肌表から三焦を経て個人の弱い臓腑に直中する場合もあるし、口鼻から侵入する場合もある。
邪が滞留した部位によって引き起こされる証候は違うのである。
風寒邪が滞留したまま、起床して、灼熱の太陽の元にでる事により風熱に変化する事も多々あるのがよく見られる現象である。

冷房がどこにでもあり、あまり猛暑にさらされる事のない方が現代では結構多いので、熱の形成までいかずに、肺の乾燥状態と少量の痰がへばりついた方がよく見られる。いわゆる麦門冬湯証である、よって夏でも麦門冬湯証は多いのである。

当然、この状態から少し進み肺に強めの熱が形成されていまった場合には麦門冬湯では力不足になり石膏や竹葉が必要で、竹葉石膏湯証になる。
このような方も結構多く見られる。

麦門冬湯の構成生薬は
麦門冬七升 半夏一升 人参二両 甘草二両 粳米三合 大棗十二枚
であるがこれが見事な出来栄えなのである。

培土生金と言われ、肺の母である脾胃を補う事により肺を養っていくようにできている。
半夏は前回のブログに記載したように痰を除去するのと滞った津液の流通に貢献しているのであるが、後は全面的に脾胃系統の補うようにできているといっても過言ではない。
(麦門冬は肺にも直接作用しますが・・・・)
肺の潤いや機能を回復するには、脾胃の機能を高める事は必須であり。当然食欲がなくなっている人は回復するのも遅い。これに関しては老人や虚弱な子供などが、いつまでも、乾いた弱い咳をしてい方がそうである。
あくまでも、肺の機能や潤いを回復させる大元は日々の食事、特に五穀なのである。

この方剤の面白い所は、粳米を入れている所であろう。
白虎加人参湯や白虎湯にも粳米が入っているがこれも肺系統もしくは胃系統が熱邪により酷い乾燥状態が起きている時に使う方剤である。

私は張仲景先生がこの方剤を作った時の事を想像して
「まずは君薬である麦門冬で肺・胃の虚熱を取り、潤わすやろ。
ほんでや、やっぱり早よ治すためにはな、肺のお母ちゃんの脾胃を補ったらあかんねや。なんといっても万物を生むのはやっぱり土やもんな。
だから、人参・甘草・大棗をいれるんや。。。
ここで、調子のって生姜は絶対にいれたらあかんで、生姜の熱が肺を炙り殺してしまう事になるからな。。。
ほんでや、俺がそこら辺の医者と違う所はな、粳米を入れることや、分かるか?まさかの米やぞ。。
大体な肺や胃が陰虚状態になっているやつはだいたい気虚も、ともなってるんや。。。よ~見てみ、あんま食欲ないやろ。どや?

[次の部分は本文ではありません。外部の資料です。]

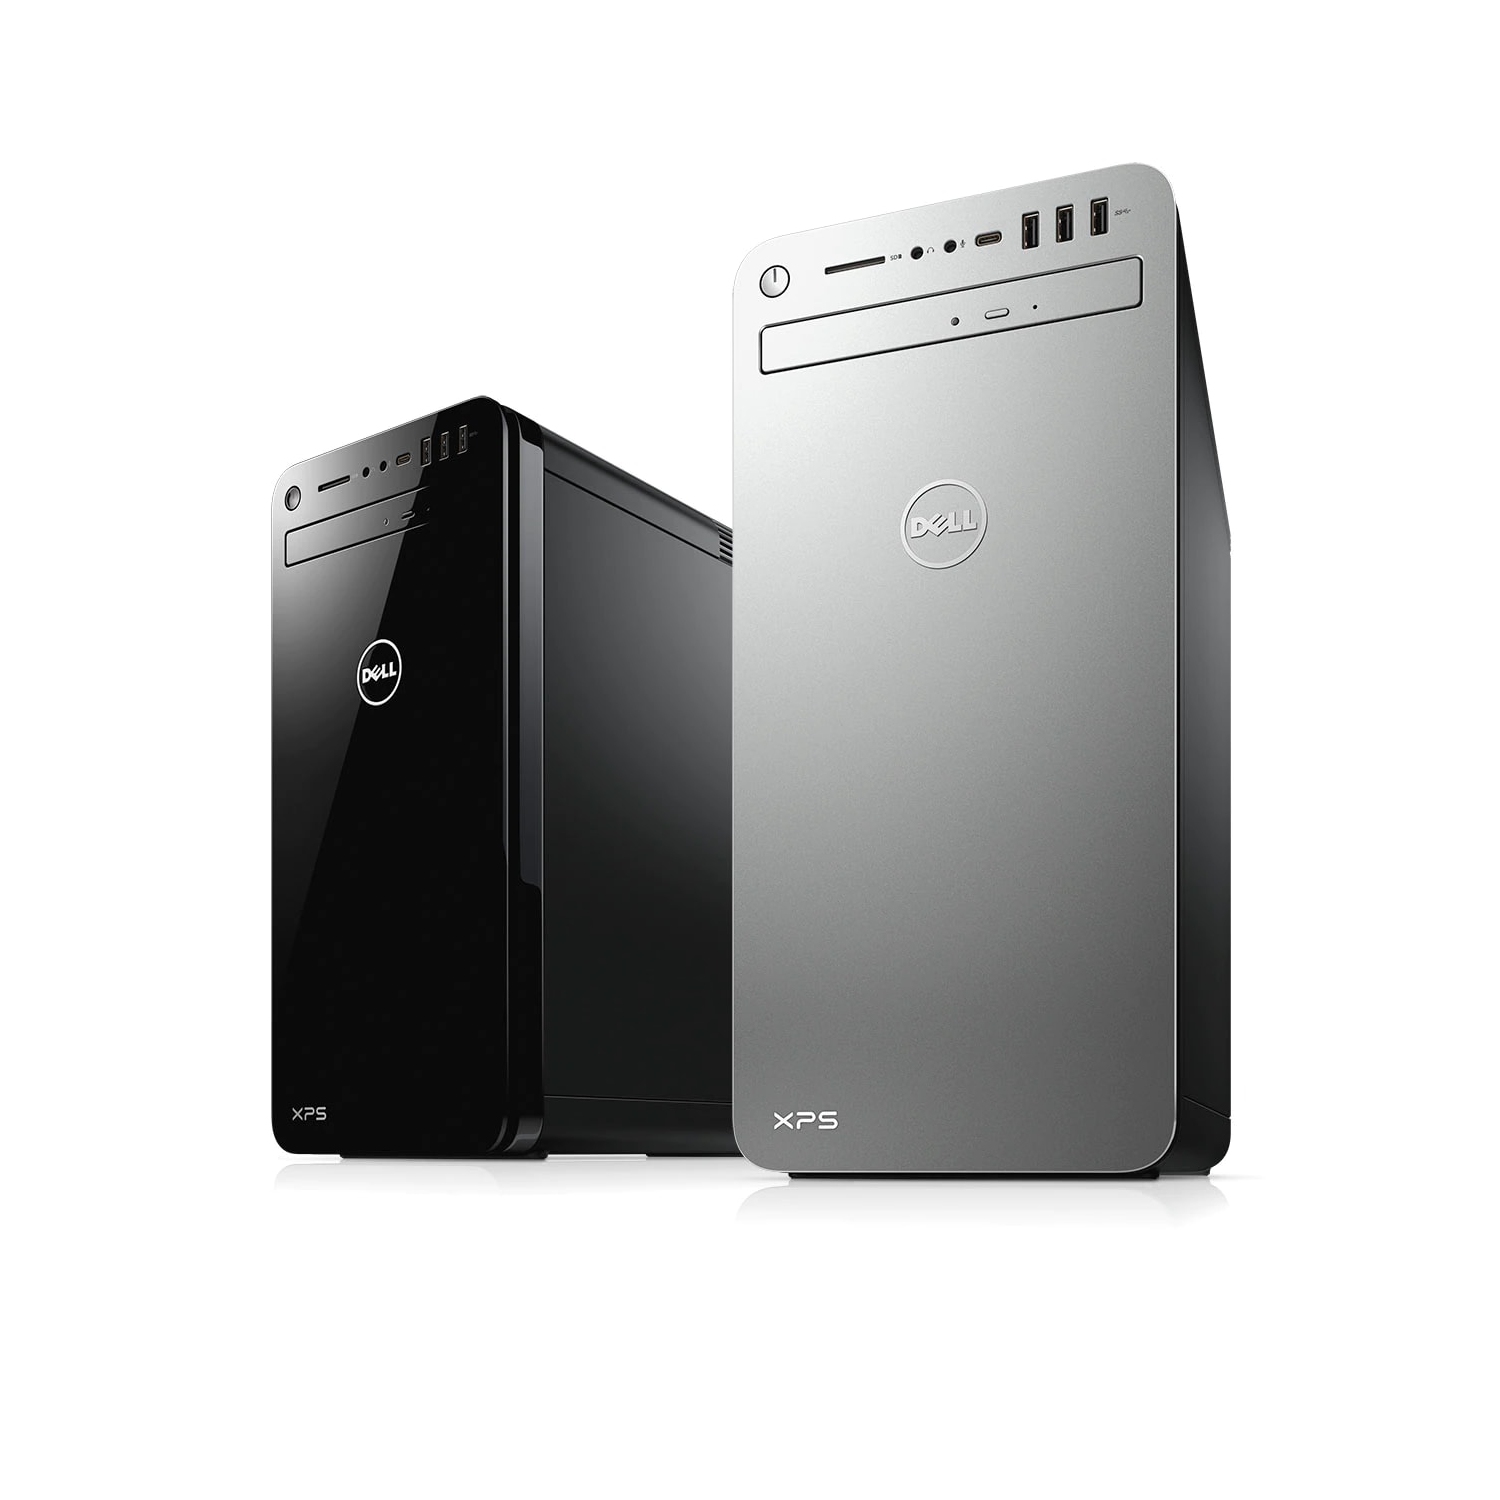 Refurbished (Excellent) Dell XPS 8930 Desktop | Core i7-8700 - 1TB SSD Hard Drive - 16GB RAM - Nvidia GeForce GTX 1080 | 6 cores @ 4.6 GHz - 8GB GDDR5X Win 10 Home Silver

俺なイラチやから、生薬で胃気が回復するも待つの嫌やねん、患者も早く治った方が幸せやろ。
だからな、、この湯剤の中に直接、粳米も放り込んだるんや。。。こんなん、誰も思いつかへんやろ。どや、凄いやろ。。。
弟子⇒先生でも白虎湯証の方はまあまあ食欲あるように思うですが、白虎湯には粳米入ってるんですけ入れんでええんちゃいますか?
お前、痛い所つくな、今回はめんどくさいから説明せんけど、あれはあれでまた違う意味があるねん!!」

少し、失礼な感じに思いをはせるであった。。。。。